Feds proving Internet-adept and inept at same time

photo Health and Human Services Secretary Kathleen Sebelius testifies on Capitol Hill in Washington on Wednesday before the House Energy and Commerce Committee hearing on the difficulties plaguing the implementation of the Affordable Care Act. The Obama administration claims the botched rollout was the result of contractors failing to live up to expectations - not bad management at HHS. As the public face of President Barack Obama's signature health care program, Sebelius has become the target for attacks over its botched rollout with Republicans, and even some Democrats, calling for her to resign.

WASHINGTON - When it comes to computers, the Obama administration appears simultaneously to be a bungling amateur and a stealthy wizard. The same government that reportedly intercepted the communications of America's leading consumer technology firms, Google and Yahoo, without leaving a trace is scorned because it can't build a working federal website for health insurance.

In a single day in the nation's capital, extremes of the impressive successes and stunning failures of the Internet age were on full display.

Computer professionals said the government can be both adept and inept at the same time because the tasks are so different and for reasons involving who is doing it, for how much money, how long it takes and how publicly it is done.

Under a classified project called MUSCULAR, the National Security Agency has secretly broken into the main communications links that connect Google and Yahoo data centers around the world, The Washington Post reported Wednesday, citing documents obtained from former NSA systems analyst Edward Snowden. In the past 30 days, the NSA swept up and processed more than 180 million new records, including metadata indicating who sent and received emails and when it happened, the Post reported.

Across town, Health and Human Services Secretary Kathleen Sebelius was apologizing to Congress over the bungled healthcare.gov website. New documents obtained by The Associated Press showed that officials had worried that a lack of website testing posed a potentially high security risk. In yet another conflict-riddled Capitol Hill hearing, a congressman told Sebelius that she had put Americans' personal financial information at risk.

The difference? National priorities, including big differences in how much the government spends, plus the talent and expertise of the people the government hires.

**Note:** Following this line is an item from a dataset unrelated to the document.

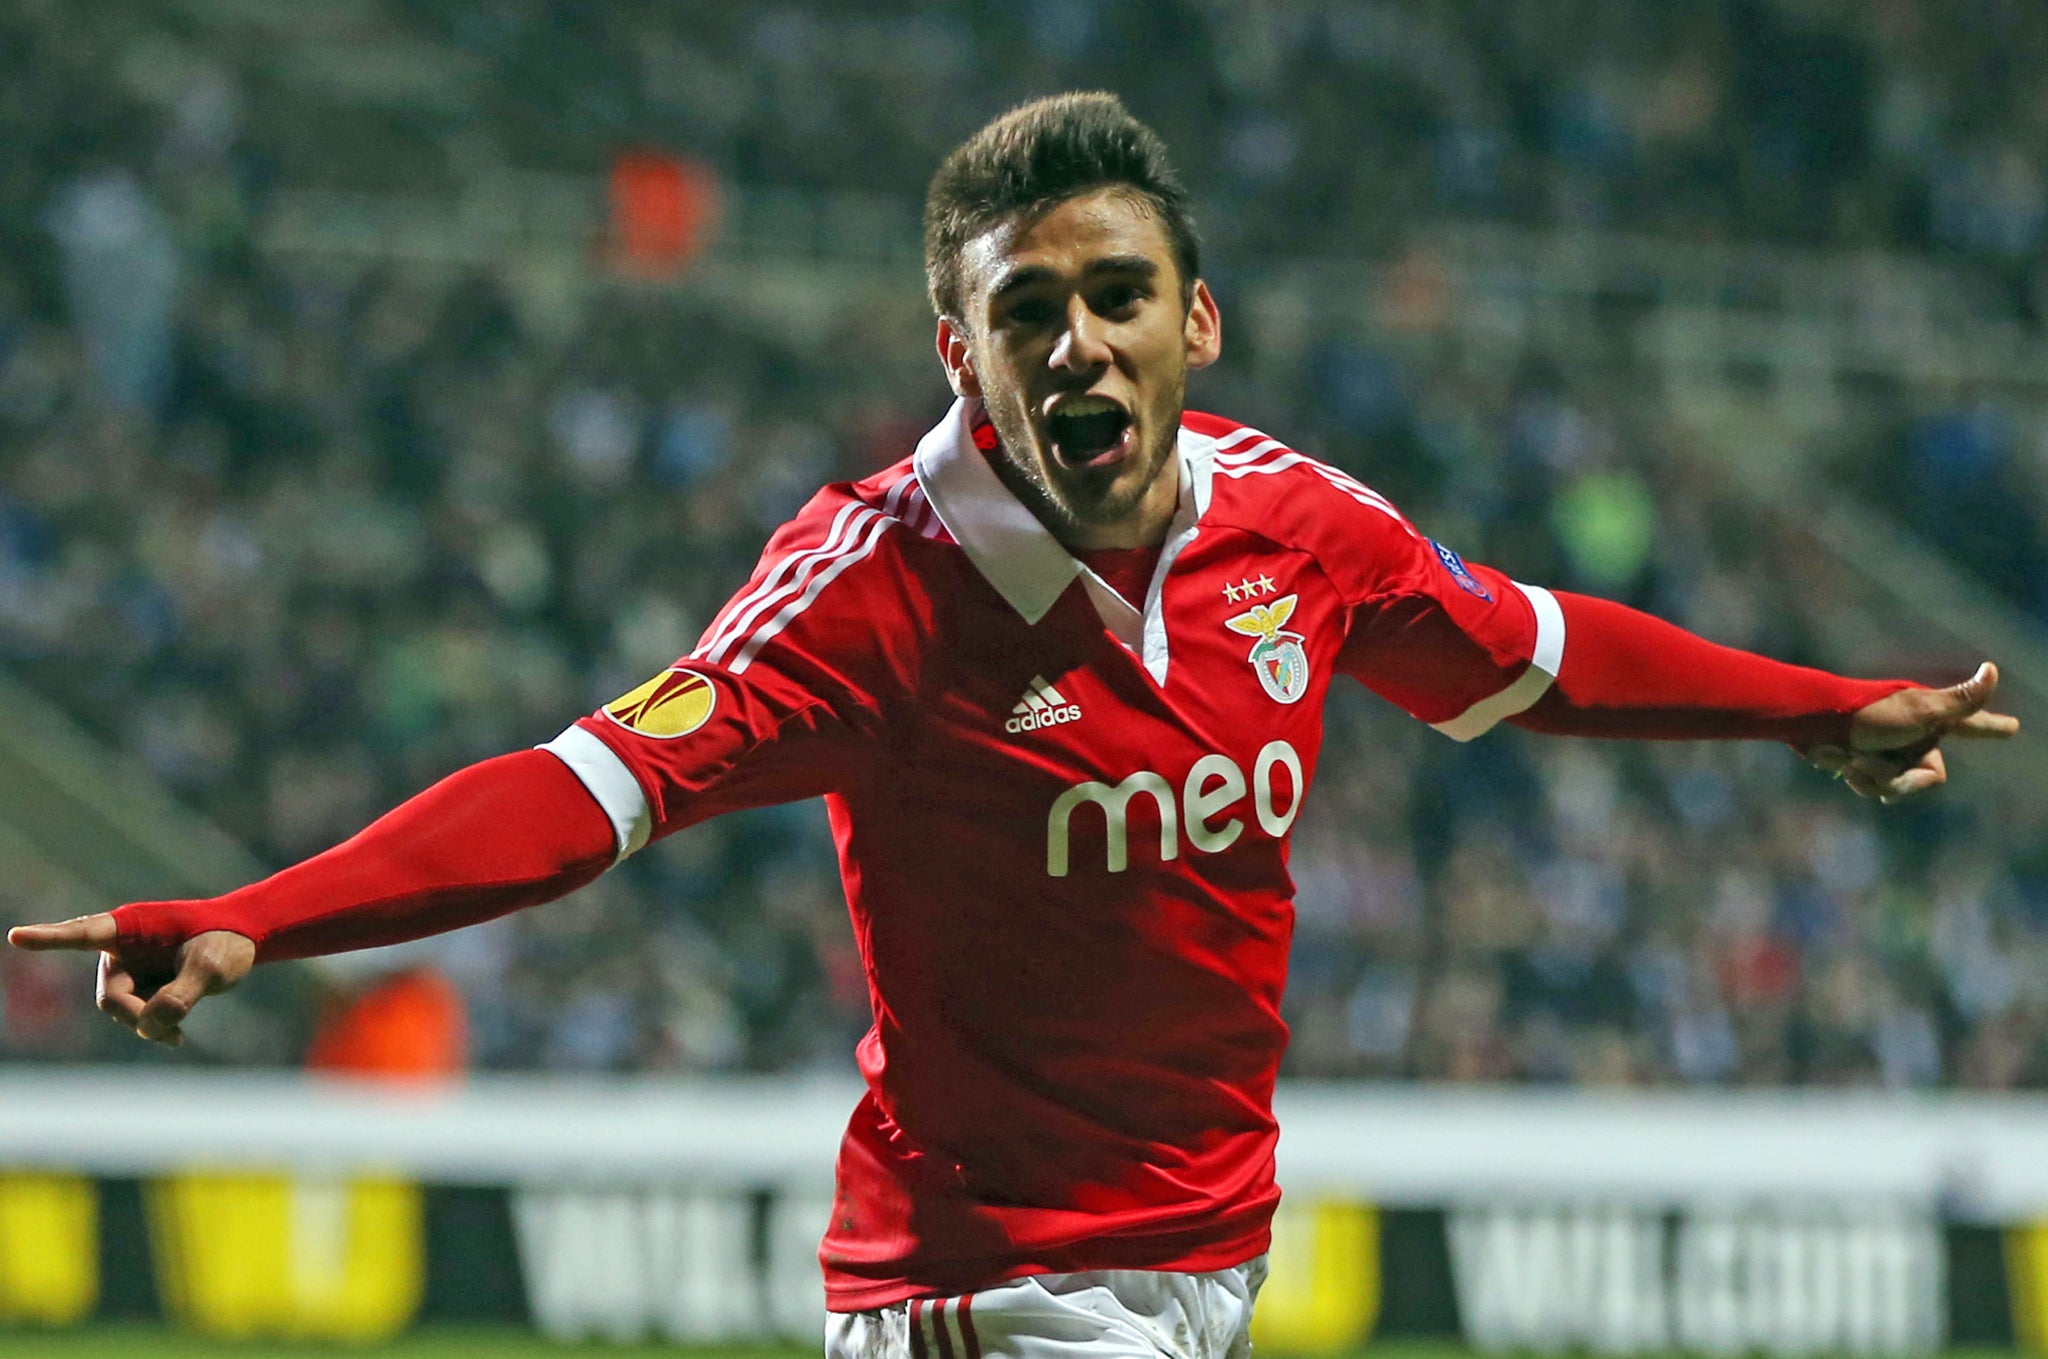 Eduardo Salvio is a similar player to Jesús Navas, the winger, who completed a £17m move, rising to £21.5m in add-ons, from Sevilla to City last month

The NSA's annual budget was just over $7 billion in fiscal 2013, according to budget documents leaked by Snowden. The budget for the entire Health and Human Services Department was less than $1 trillion, and it spent $118 million on the website plus about $56 million on other IT to support the website, Sebelius said Wednesday.

The NSA is famous for employing small focused teams of highly talented, highly recruited experts with special skills, said Chris Wysopal, a former hacker who is chief technology officer for Veracode in Burlington, Mass. But the Health and Human Services Department's website designers? "They are sort of your average developers," he said.

Ex-hacker Marc Maiffret, who once wore his hair green in spikes and is the chief technology officer at BeyondTrust of San Diego, said Beltway contractors who work on civilian technology projects usually are over-budget and under-performing. Teams putting together large IT systems are complex and must coordinate across different government agencies, insurance companies, states and contractors.

"They may have underestimated the complexity when they started on it, which is again not surprising," said Purdue University computer science professor Gene Spafford.

Motivation is important too. Patriotic hacking on behalf of the NSA is exciting, especially among the mostly young and mostly male demographic.

"Breaking in, it feels like special ops," Wysopal said. "Building something feels probably like you're in the Corps of Engineers. You're just moving a lot of dirt around."

It's also widely understood to be easier to break something down than to build it. Siphoning the Google and Yahoo data is simpler to do than building a secure website for millions of people to get health care, Wysopal and Maiffret said.

Besides, if the NSA had failed to collect all the data it wanted during a classified mission, few people would learn about it -- unlike what happened almost immediately when the health care website was launched and immediately experienced problems, said Matt Green, a computer science professor at Johns Hopkins University.

"If the NSA doesn't do something, you and I don't hear about it," Green said.

The government generally spends more money researching how to attack, not defend, computers, said Spafford, director of the Center for Education and Research in Information Assurance and Security at Purdue.

The apparent contradiction between health care and the NSA, Spafford said, "is what makes computers magical."